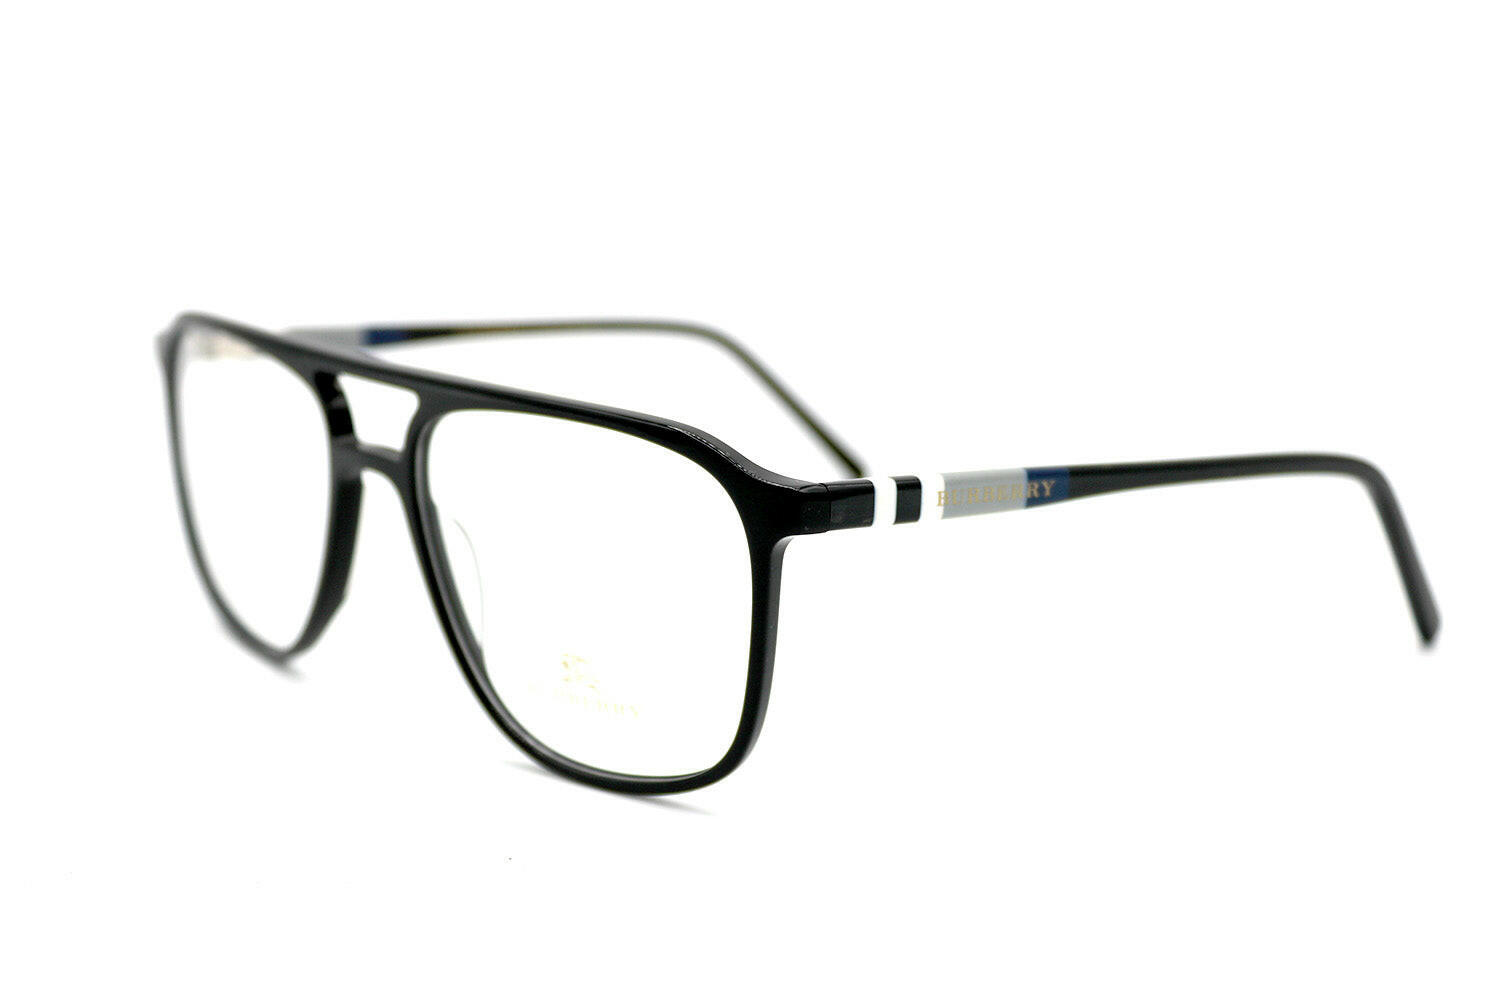 NS Luxury - 96048 - Black - Eyeglasses
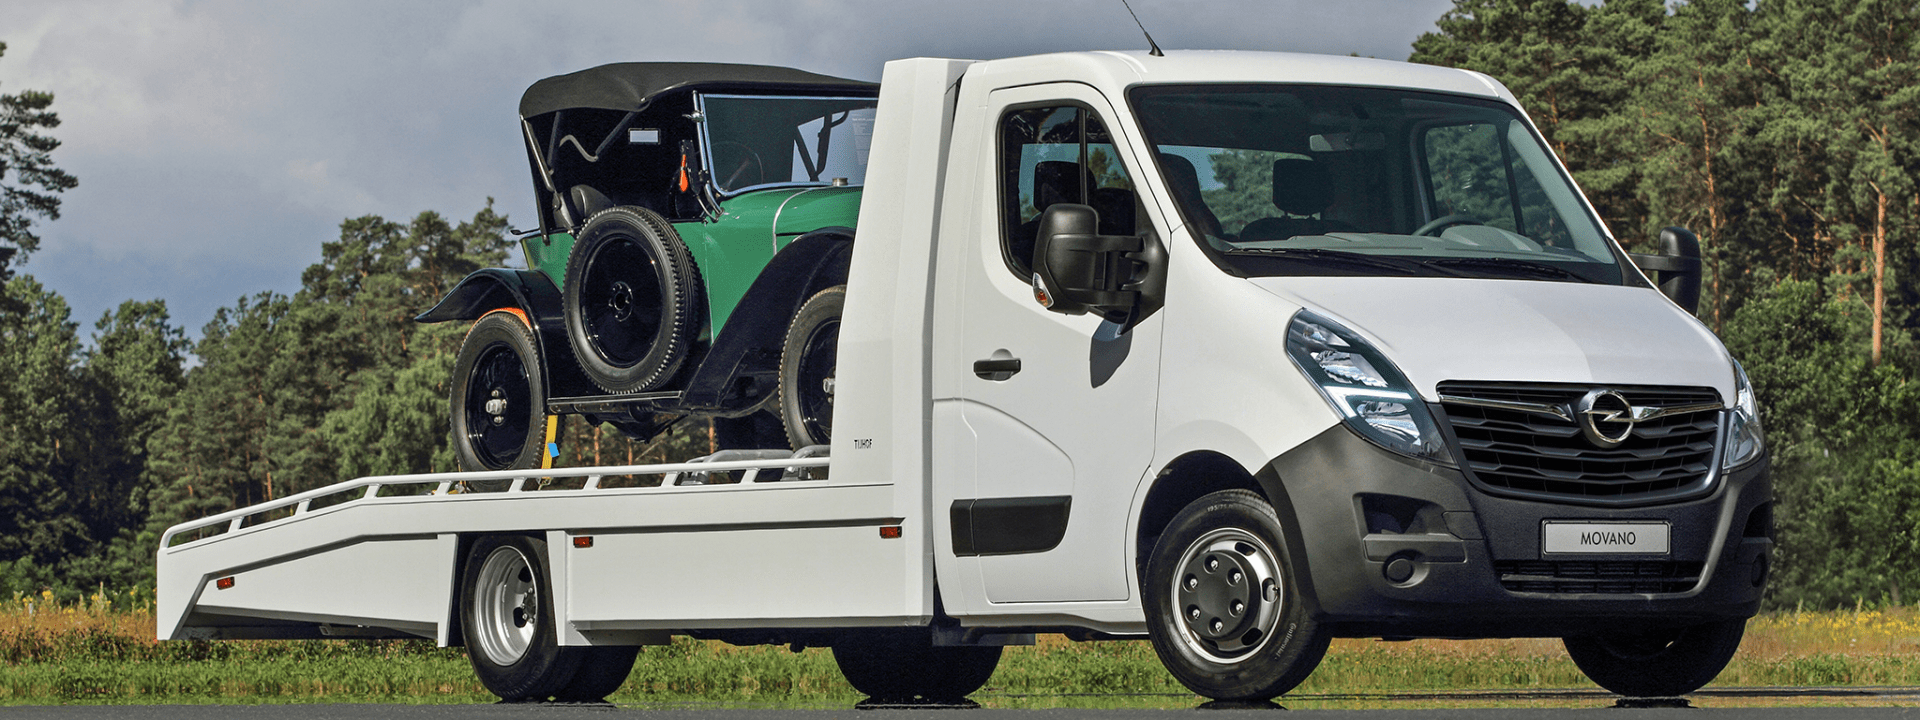 Foto: Transportador de vehículos Opel Movana Tijhof
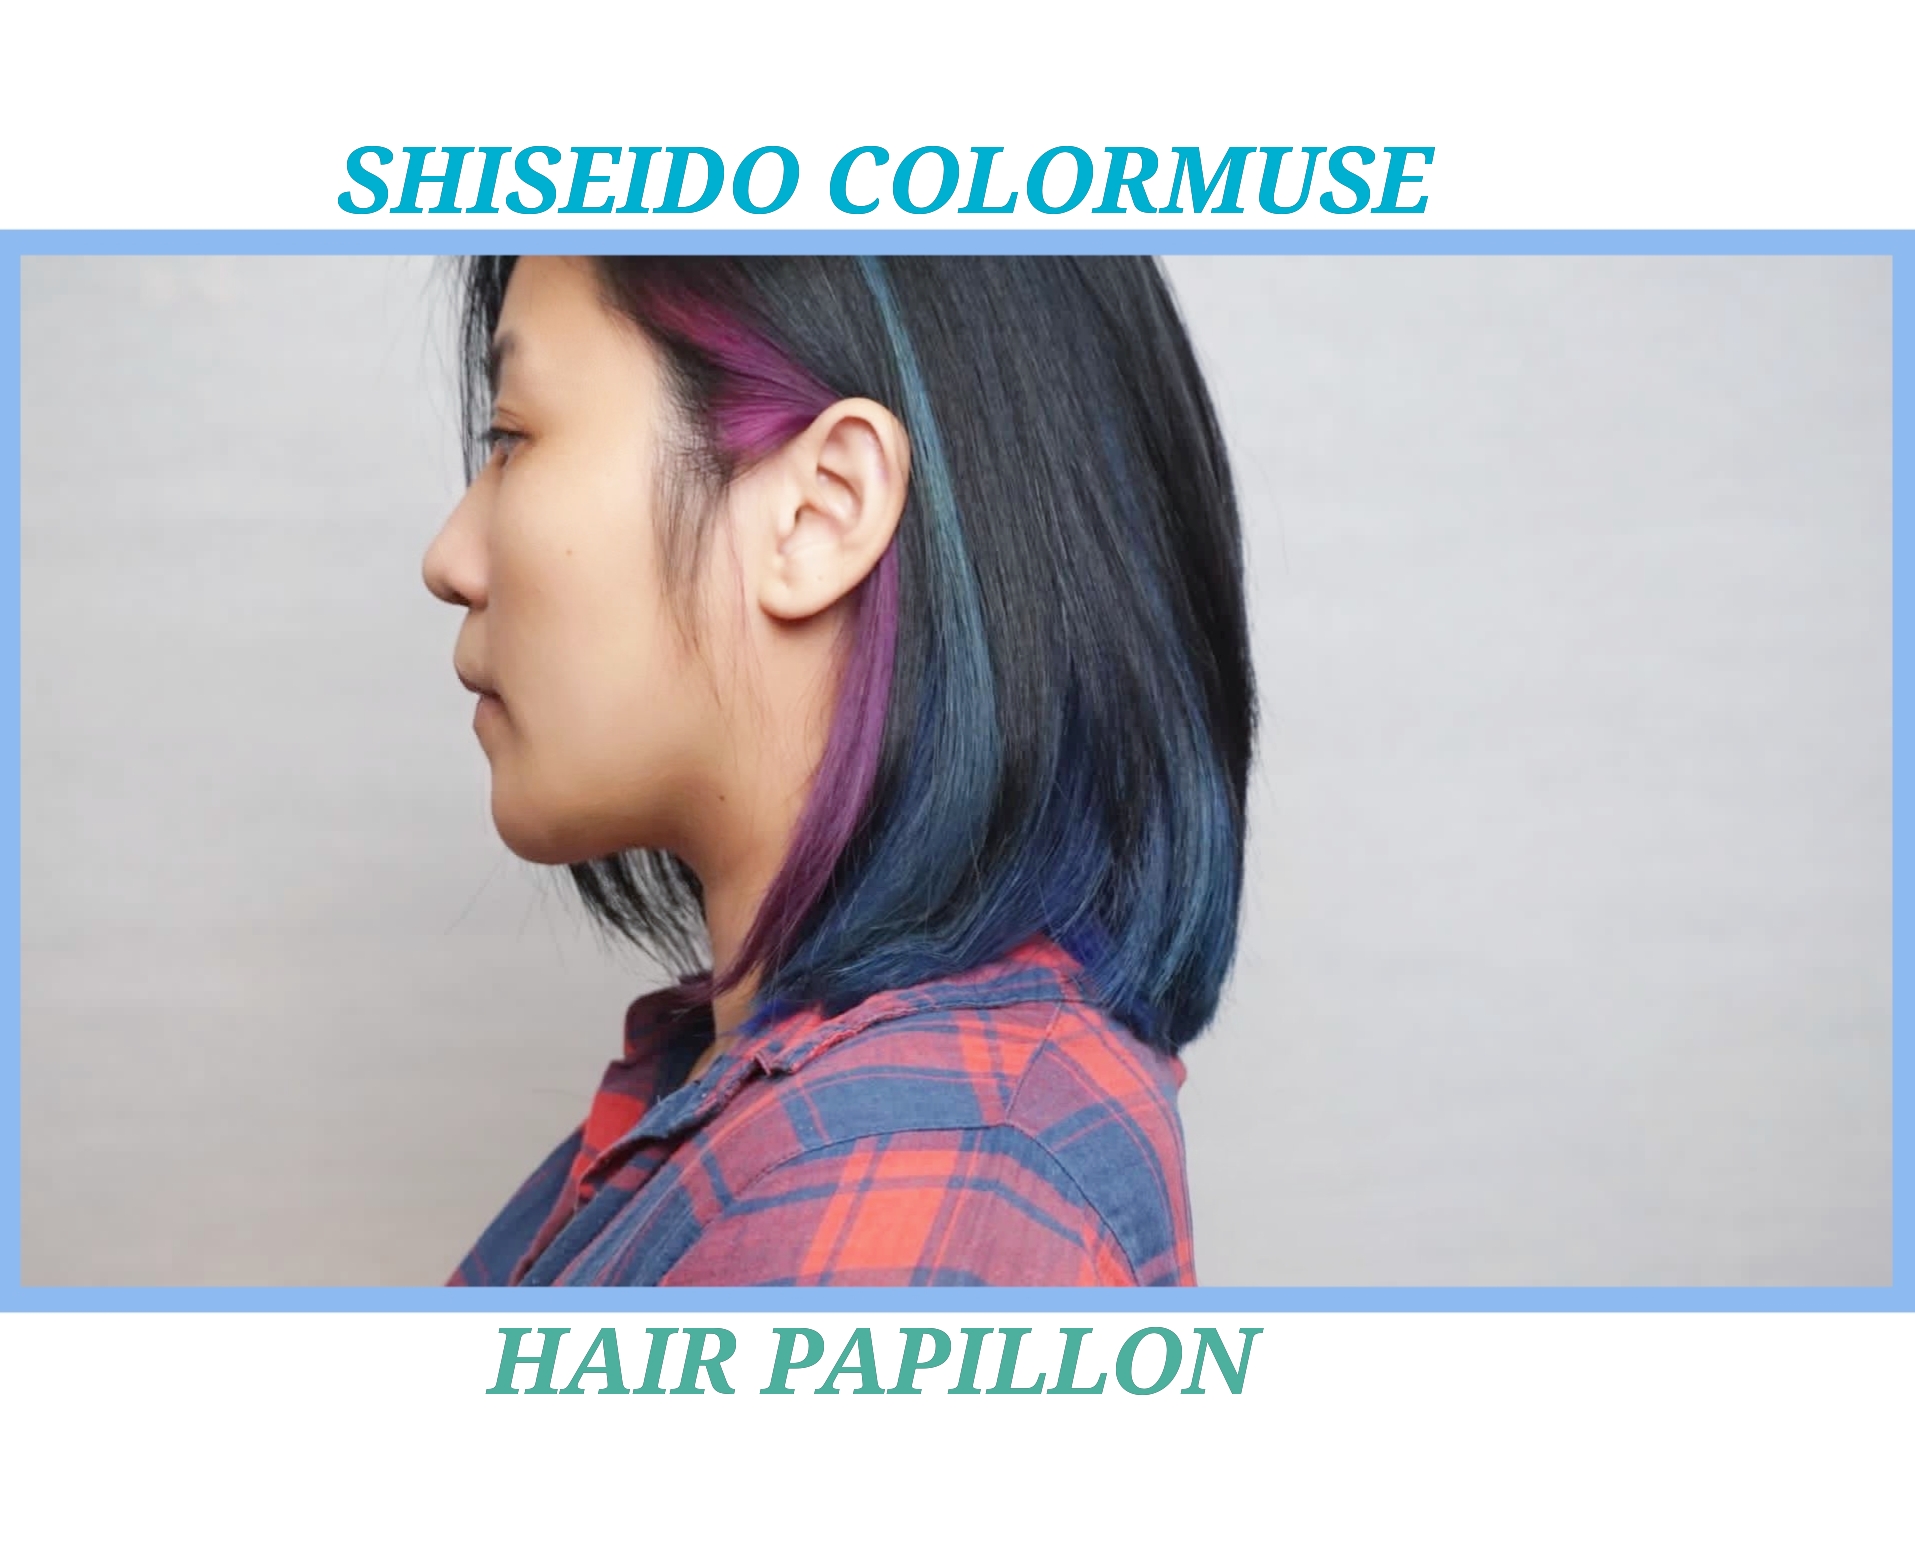 Portfolio:shiseido ultist

EXERCISE BRIEF :: Return the material above in exact form. Pictures stay out.

SOLUTION FOR THIS EXERCISE ::
 NS Luxury - 96048 - Black - Eyeglasses
 Foto: Transportador de vehículos Opel Movana Tijhof
 Portfolio:shiseido ultist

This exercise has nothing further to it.